Mais une seule poupée pour deux jeunes Chattes, dont l'une est noire, l'autre blanche, ce n'était guère, et tu dois te souvenir aussi que cette fatale poupée, avec laquelle je prétendais jouer toute seule, ne tarda pas à devenir pour nous un sujet de discorde.
Toi, l'aînée, toi, si bonne d'ordinaire, tu t'emportas, tu me battis, méchante; mon sang coula! ou, s'il ne coula pas, je crus le voir couler. Je n'étais pas la plus forte. J'allai trouver notre mère: «Maman, maman, lui dis-je en miaulant de la façon la plus lamentable et en lui montrant ma patte déchirée, faites donc finir mademoiselle Bébé, qui me bat toujours.»
Ce mot _toujours_ te révolta, tu levas au ciel tes yeux et tes pattes indignés en m'appelant vilaine menteuse, et notre mère, qui te savait plus raisonnable que moi, te crut sur parole, et me renvoya sans m'entendre.
C'est pourtant de cette cause si légère, c'est de ce point, c'est de ce rien que sont venus tous mes malheurs. Humiliée de ce déni de justice, je résolus de m'enfuir au bout du monde, et m'en allai bouder sur un toit.
Lorsque je fus sur ce toit et que je vis l'horizon immense se dérouler devant moi, je me dis que le bout du monde devait être bien loin: je commençai à trouver qu'une pauvre jeune Chatte comme moi serait bien seule, bien exposée et bien petite dans un si grand univers, et je me mis à sangloter si amèrement, que je m'évanouis.
Je me rappelle que. . . .
(La transition étant restée tout entière sous la tache d'encre, nous avons été, à notre grande confusion, obligés de nous en passer.)
. . . . . . . . Il me semblait entendre dans les airs des chœurs d'esprits invisibles. . .
«Ne pleure plus, Minette, me disait une voix (celle de mon mauvais Génie, sans doute) l'heure de ta délivrance approche. Cette pauvre demeure est indigne de toi; tu es faite pour habiter un palais.
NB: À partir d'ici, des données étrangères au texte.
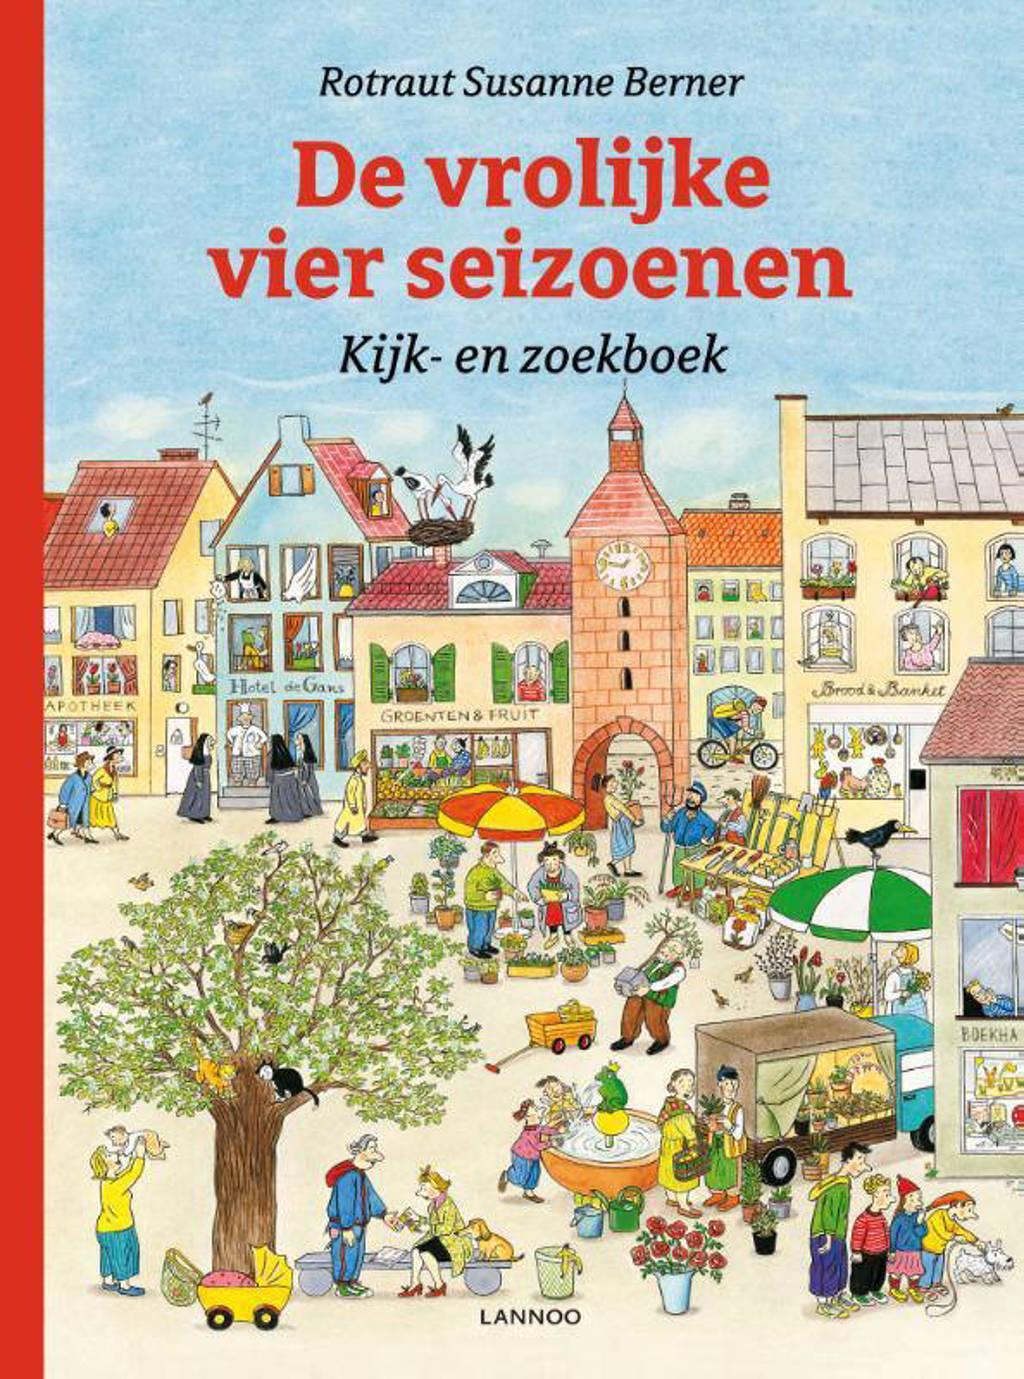 De vrolijke vier seizoenen - Rotraut Susanne Berner

--Hélas! répondait une autre voix plus faible, celle de ma conscience, vous vous moquez, seigneur; un palais n'est pas fait pour moi.
--La Beauté est la reine du monde, reprenait la première voix; tu es belle, donc tu es reine. Quelle robe est plus blanche que ta robe? quels yeux sont plus beaux que tes beaux yeux?
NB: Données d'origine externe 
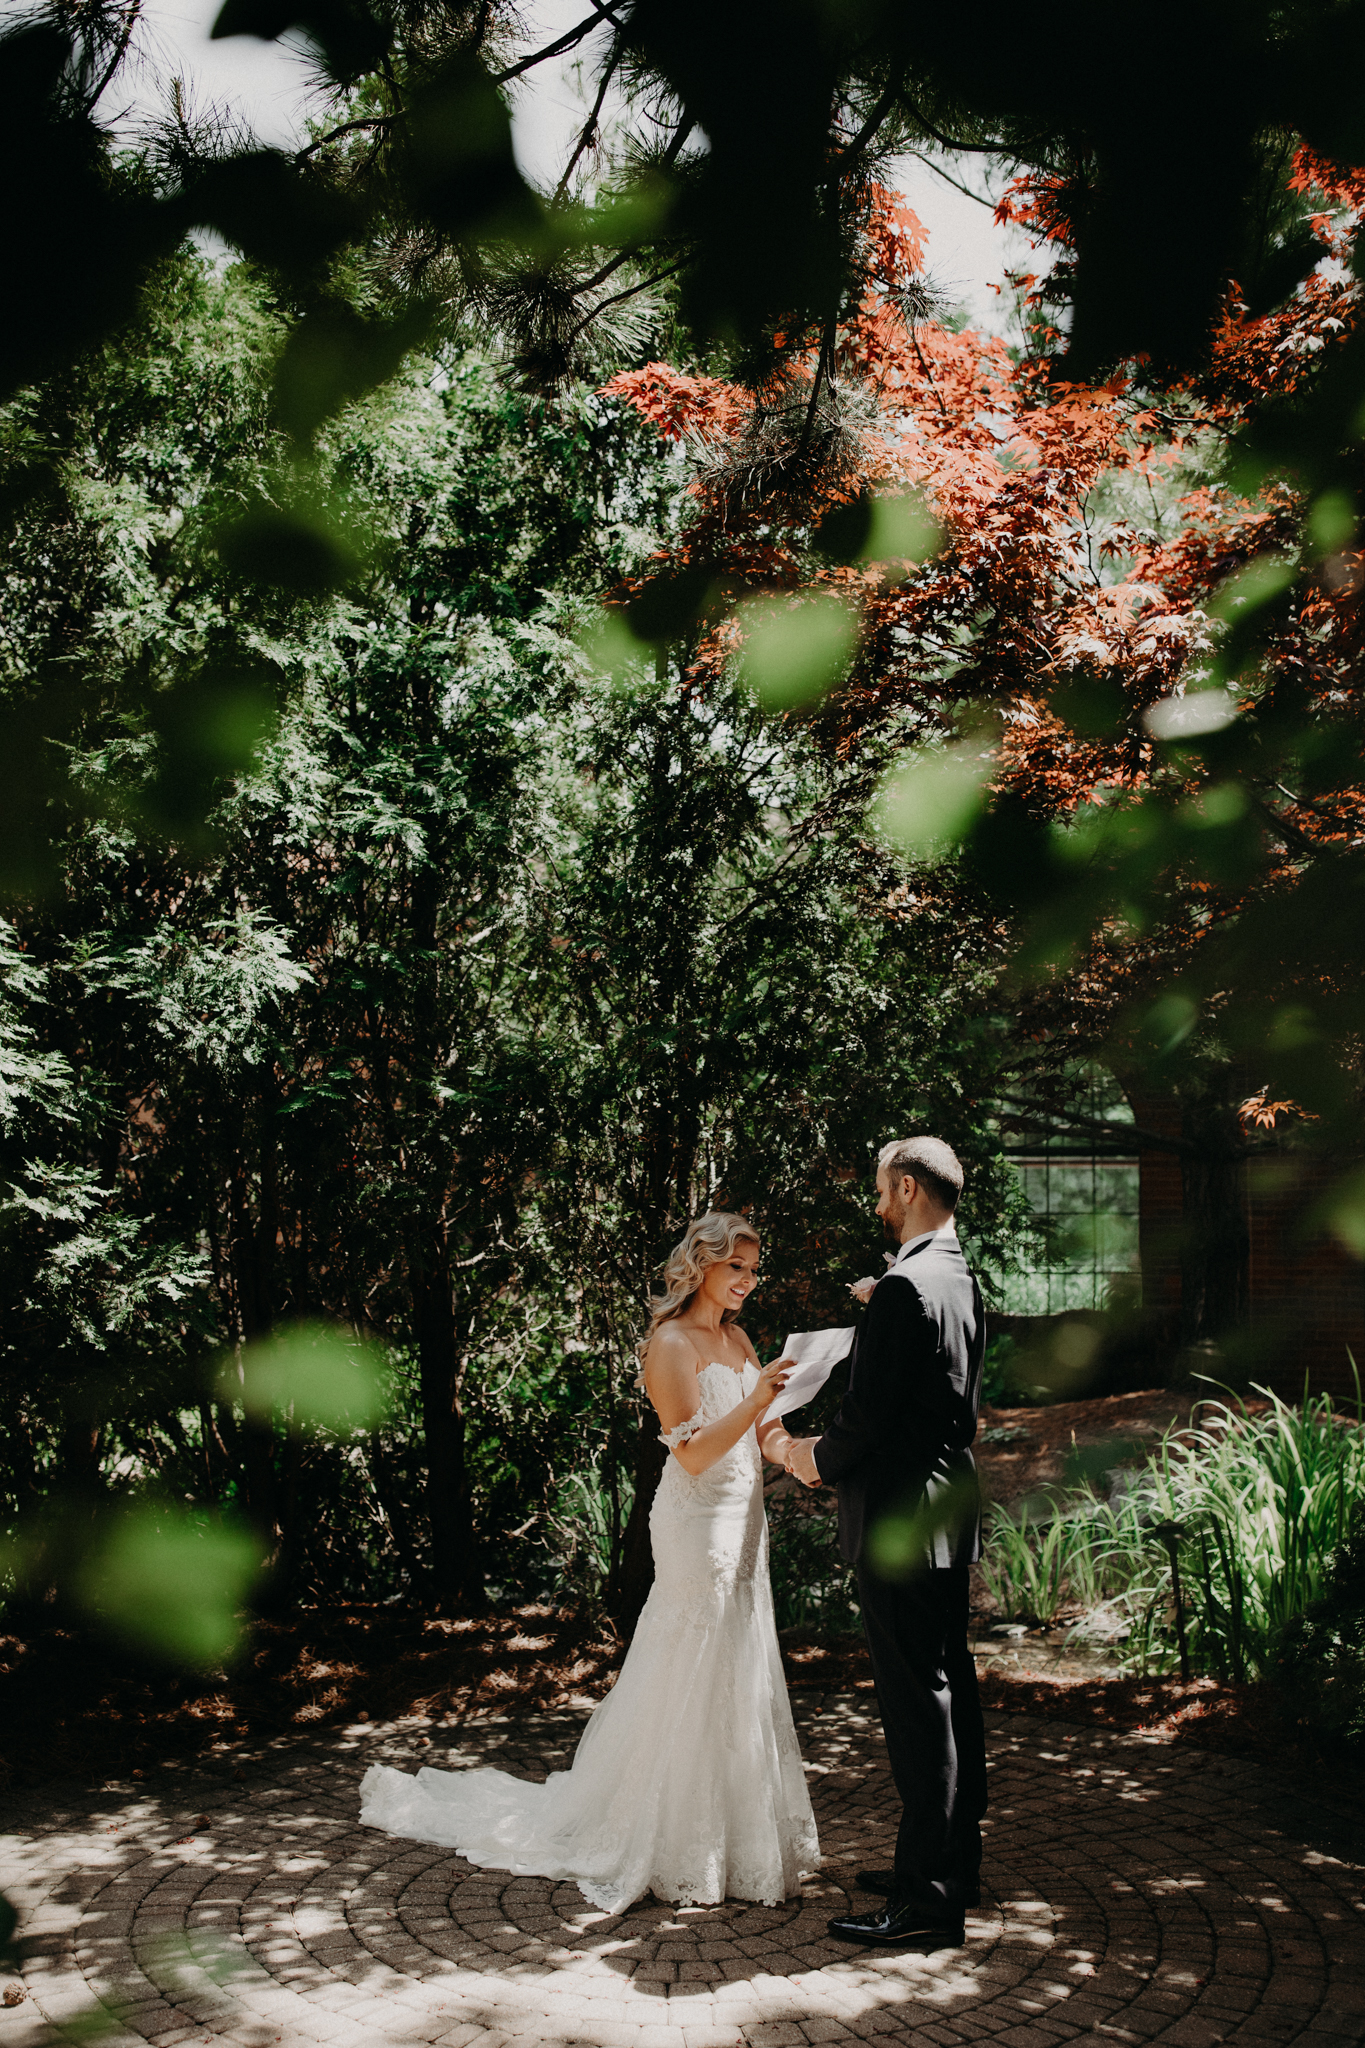 The-Inn-At-St-Johns-Wedding-13.jpg

--Pense à ta mère, me disait de l'autre côté la voix suppliante. Peux-tu l'oublier? Et pense à Bébé aussi, ajouta-t-elle tout bas.
--Bébé ne songe guère à toi, et ta mère ne t'aime plus, me criait la première voix. D'ailleurs la nature seule est ta mère. Le germe d'où tu devais sortir est créé depuis des millions d'années; le hasard seul a désigné celle qui t'a donné le jour pour développer ce germe; c'est au hasard que tu dois tout, et rien qu'au hasard! Lève-toi, Minette, lève-toi! le monde est devant toi. Ici, la misère et l'obscurité; là-bas, la richesse et l'éclat.»
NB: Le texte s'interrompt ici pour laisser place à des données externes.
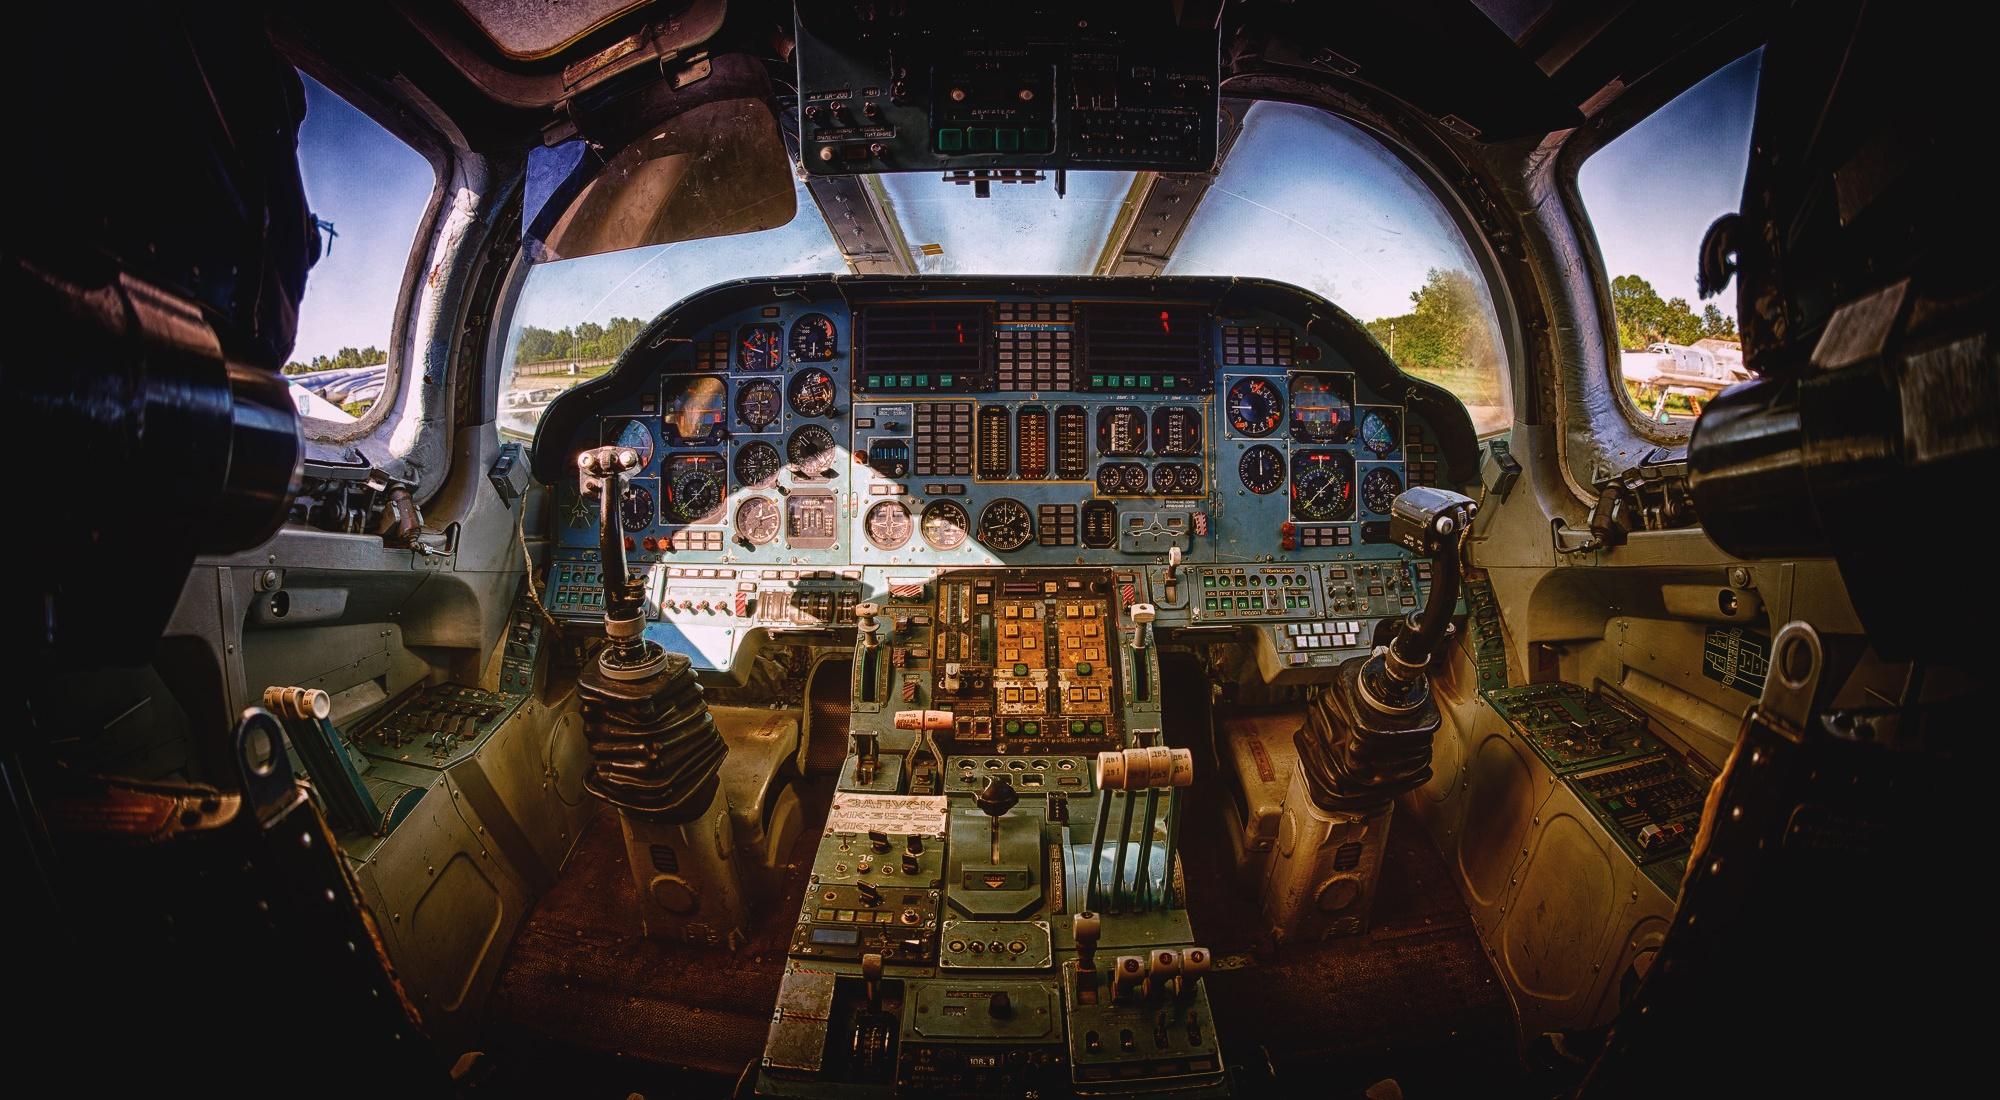 Wallpaper Cockpit Aircraft Vehicle 2000x1100 Wallpapermaniac 1475083 Hd Wallpapers Wallhere

Mon bon Génie essaya encore de parler; mais il ne dit rien, car il vit bien que l'instinct de la coquetterie avait pénétré dans mon cœur, et que j'étais une chatte perdue. Il se retira en pleurant.
«Lève-toi et suis-moi,» disait toujours la première voix. Et cette voix devenait de plus en plus impérieuse et en même temps de plus en plus tendre; et cet appel devenait irrésistible.
Je me levai donc.
J'ouvris les yeux. «Qui m'appelle?» m'écriai-je. Juge de ma surprise, Bébé, car ce n'était point une illusion, et je ne cessais point d'entendre cette voix qui m'avait parlé pendant mon évanouissement.
«Divine Minette, je vous adore,» me disait un jeune Chat qui se roulait à mes pieds en me regardant de la façon la plus tendre.
Ah! Bébé, qu'il était beau! et qu'il avait l'air bien épris!